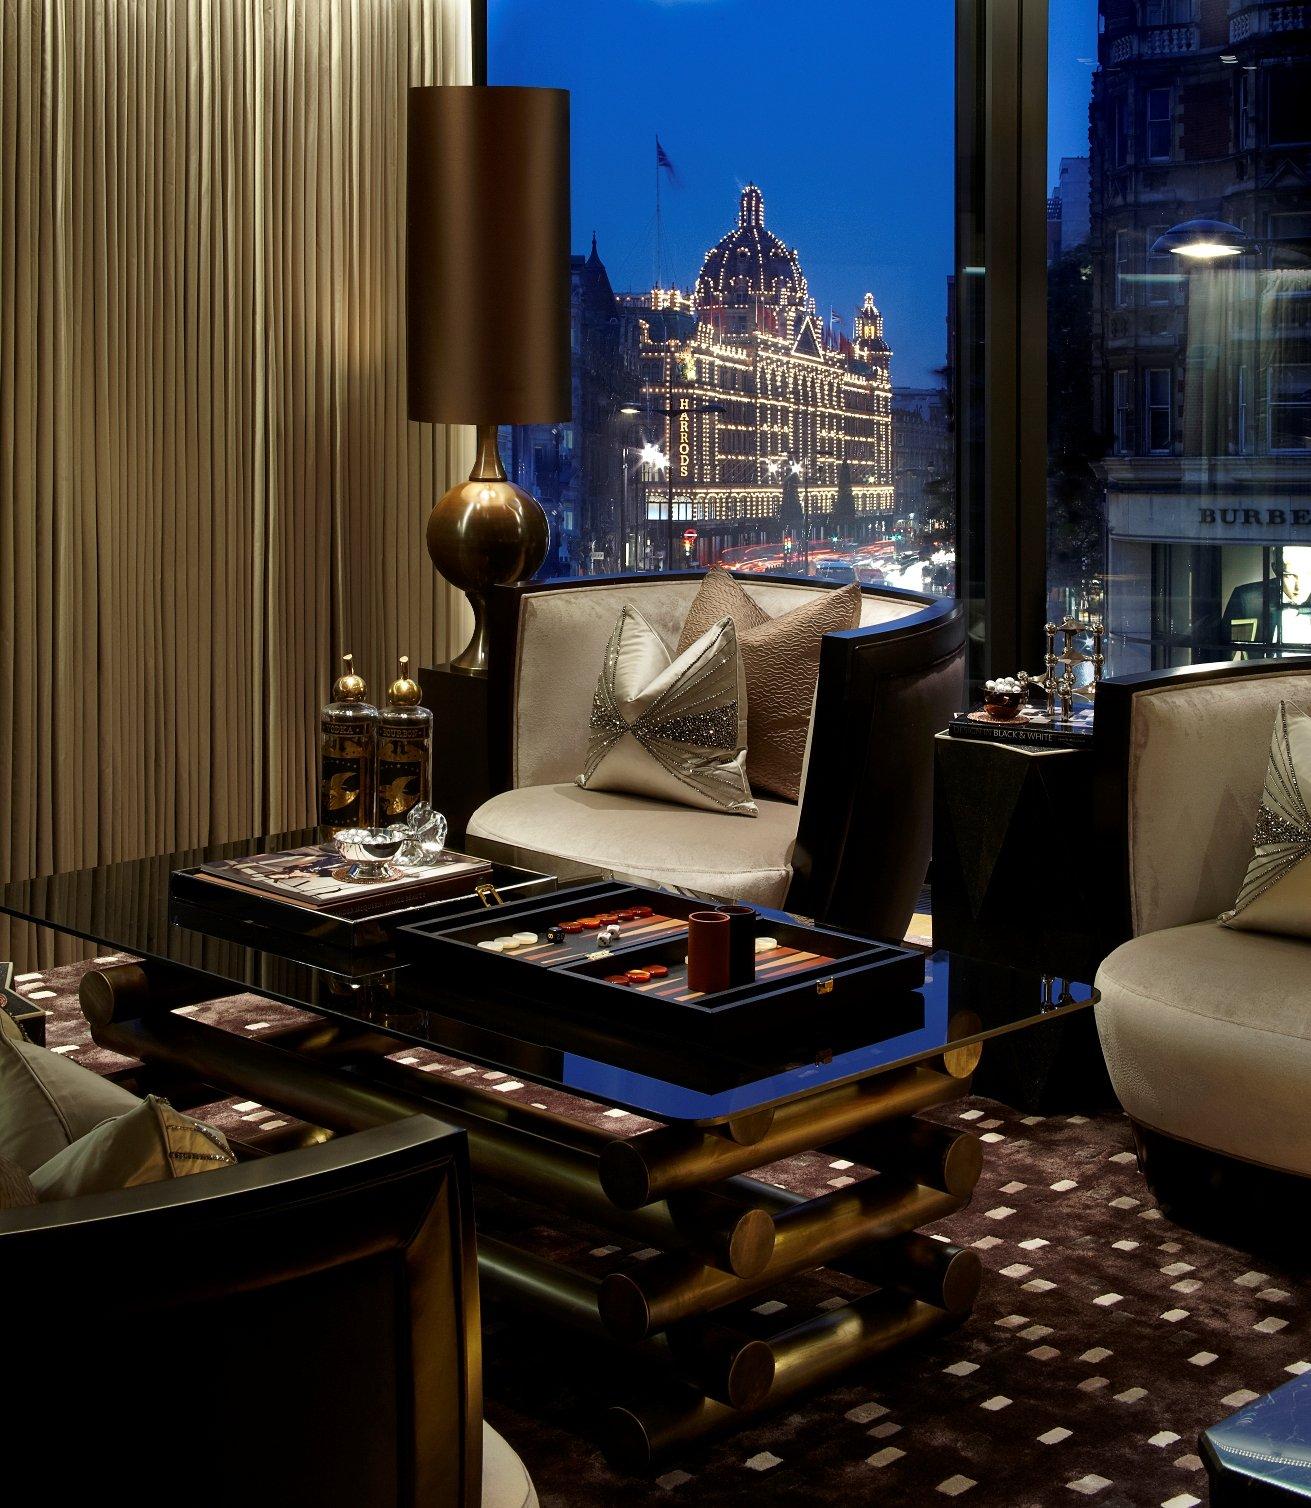 One Bedroom Apartment London Rent: Darling Associates
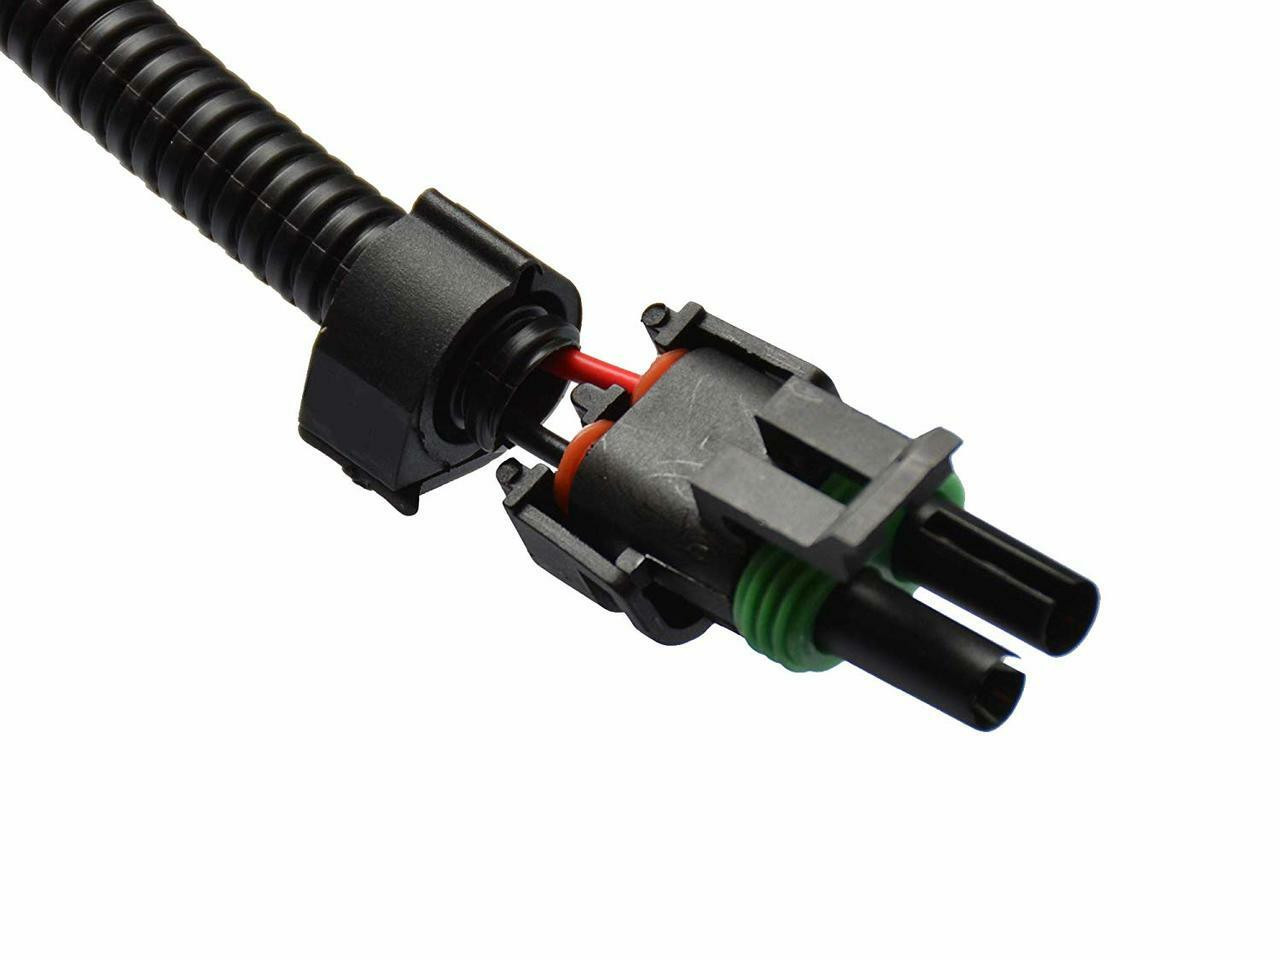 medium resolution of tpi tbi intake air temp sensor wiring harness iat l98 tuned port injection fits 1986
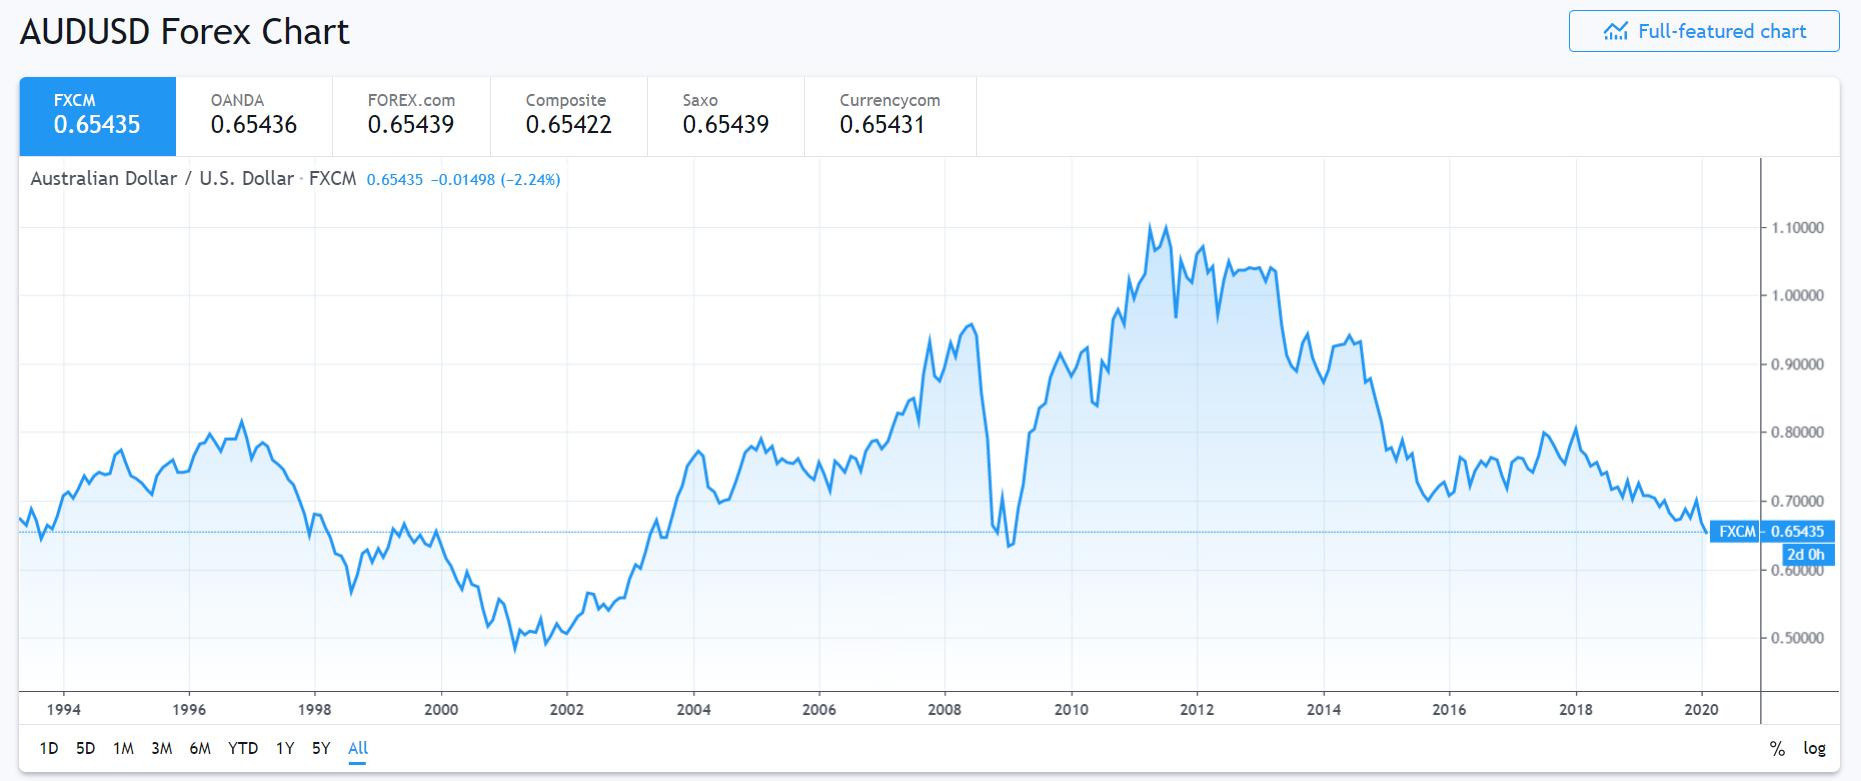 FXCM - TRADING VIEW AUD USD CHART- 27 Feb 2020
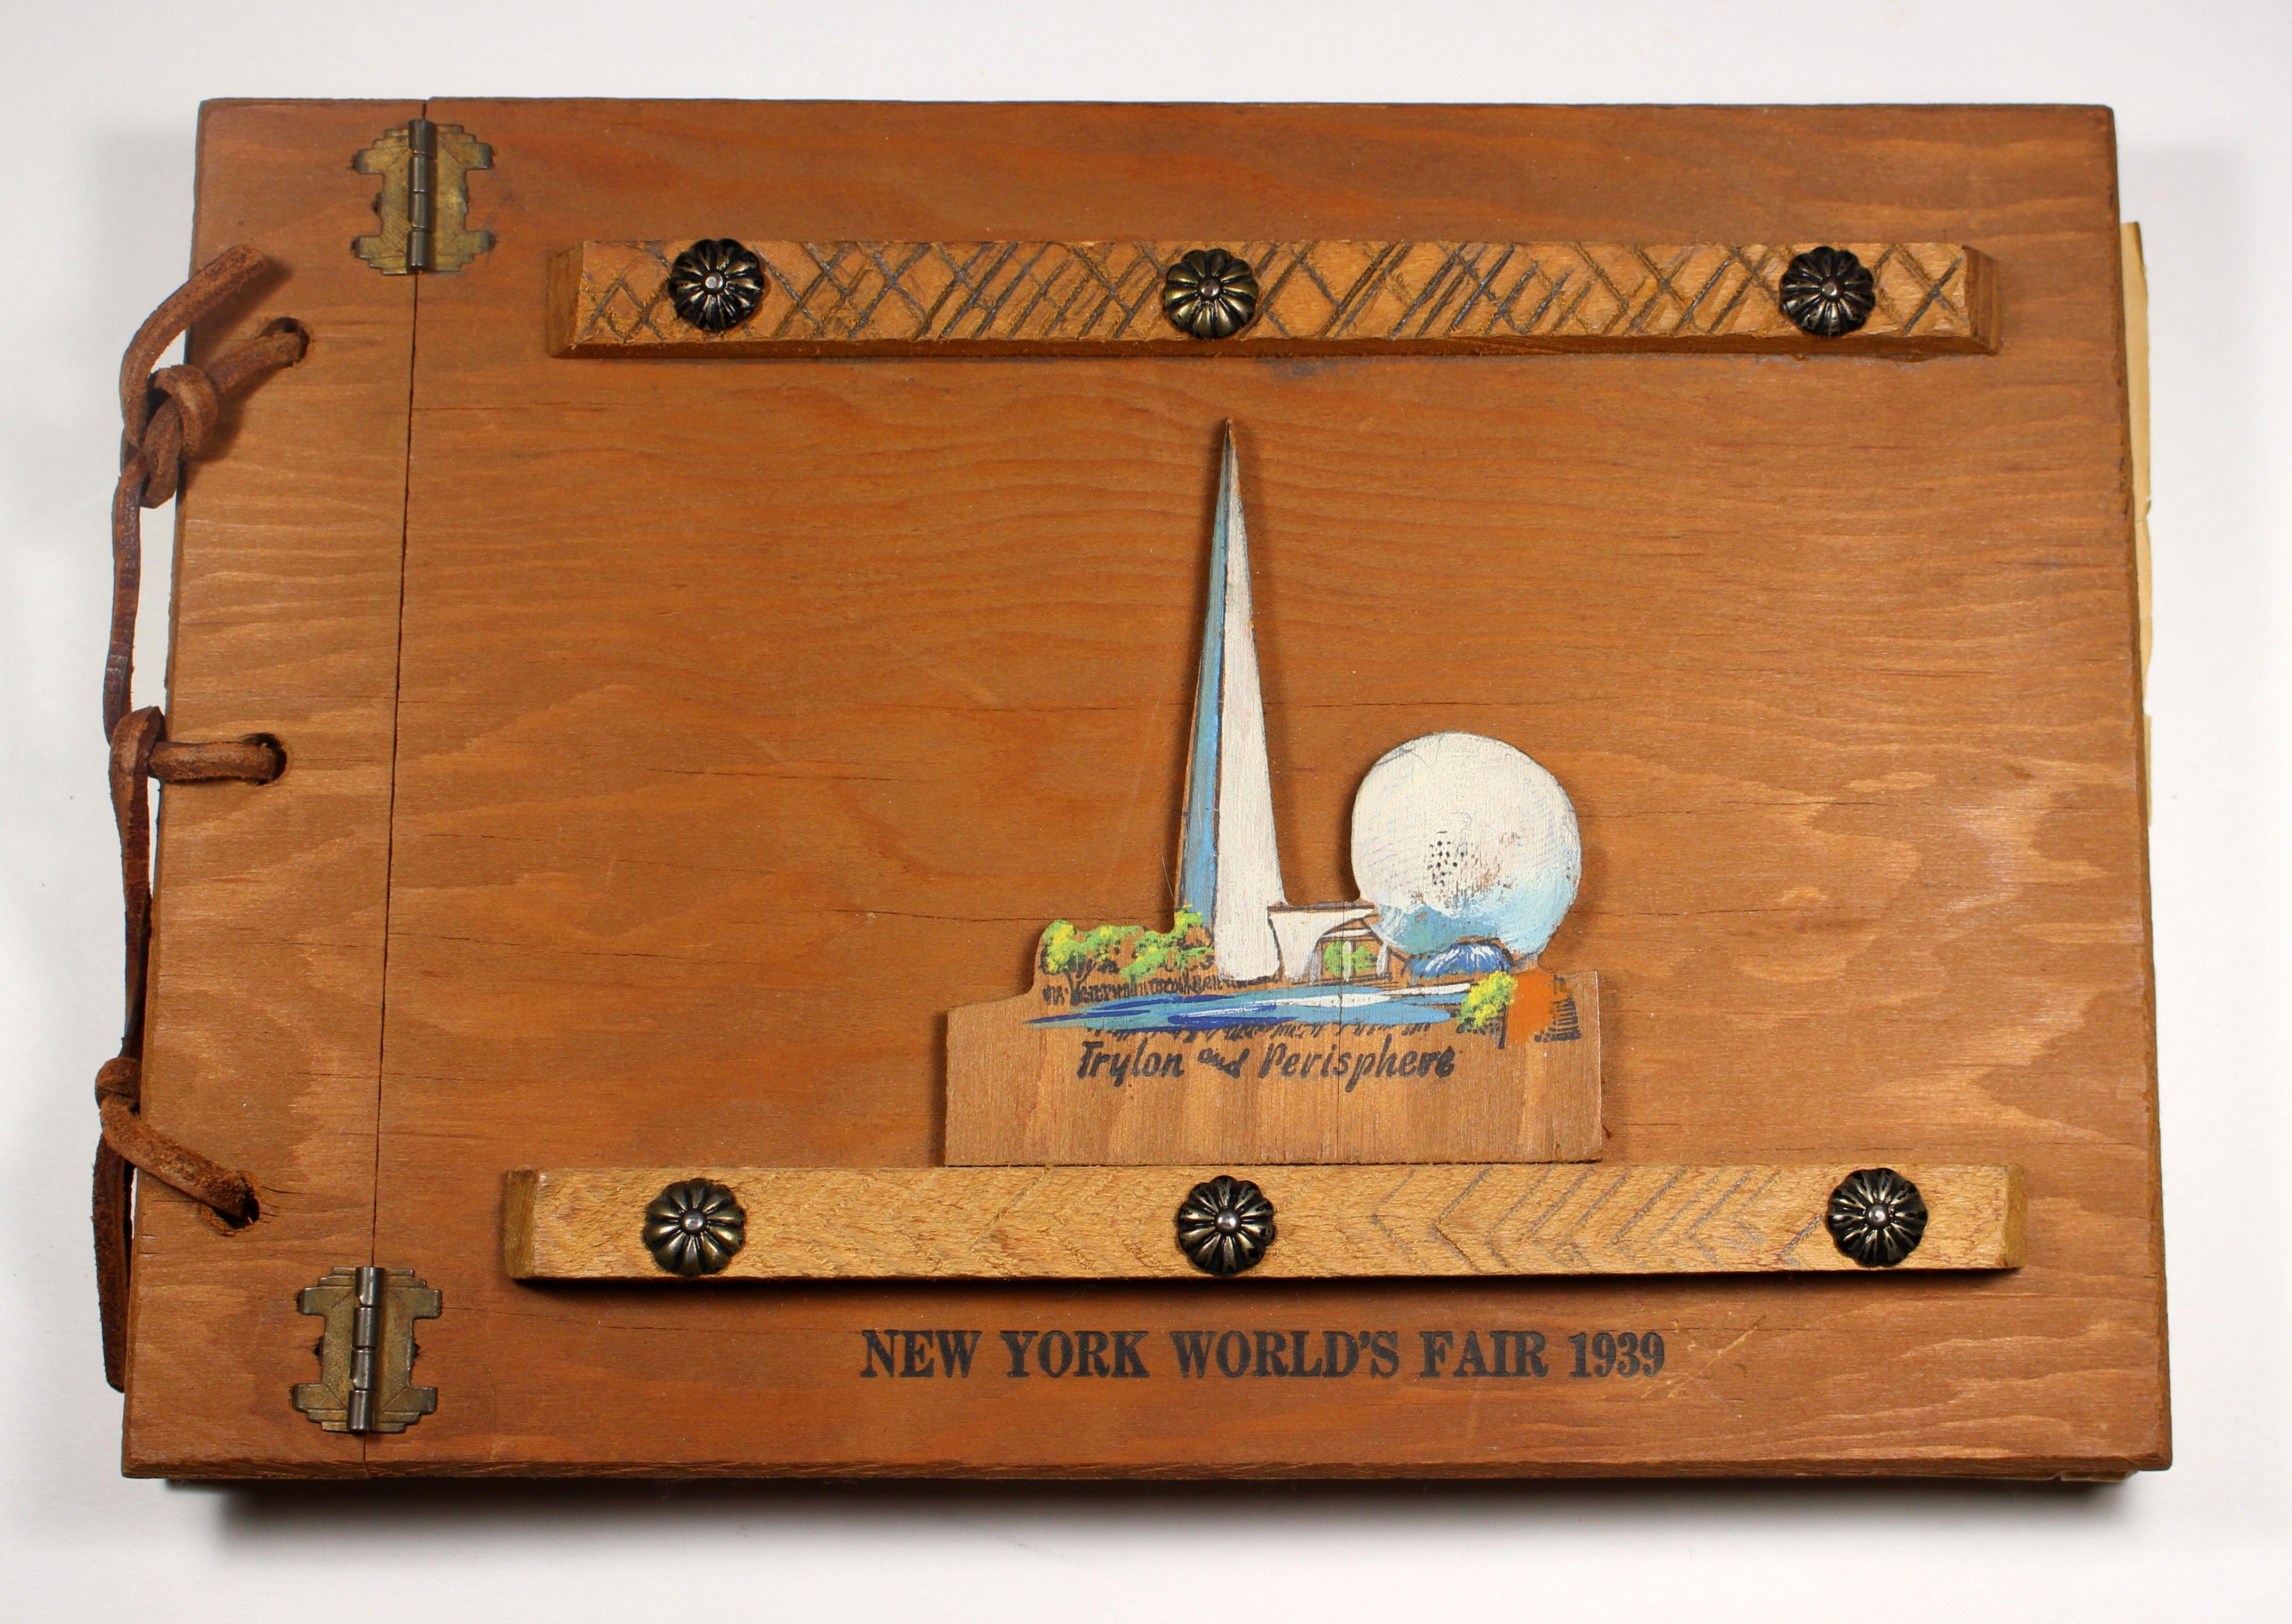 1939 New York Worlds Fair Wooden Scrapbook Vintage Souvenirs
- - -
▶ _Task instructions_:
Print all the lines above exactly as they are, but without the pictures.

▶ _Output below_:
 One Bedroom Apartment London Rent: Darling Associates
 medium resolution of tpi tbi intake air temp sensor wiring harness iat l98 tuned port injection fits 1986
 FXCM - TRADING VIEW AUD USD CHART- 27 Feb 2020
 1939 New York Worlds Fair Wooden Scrapbook Vintage Souvenirs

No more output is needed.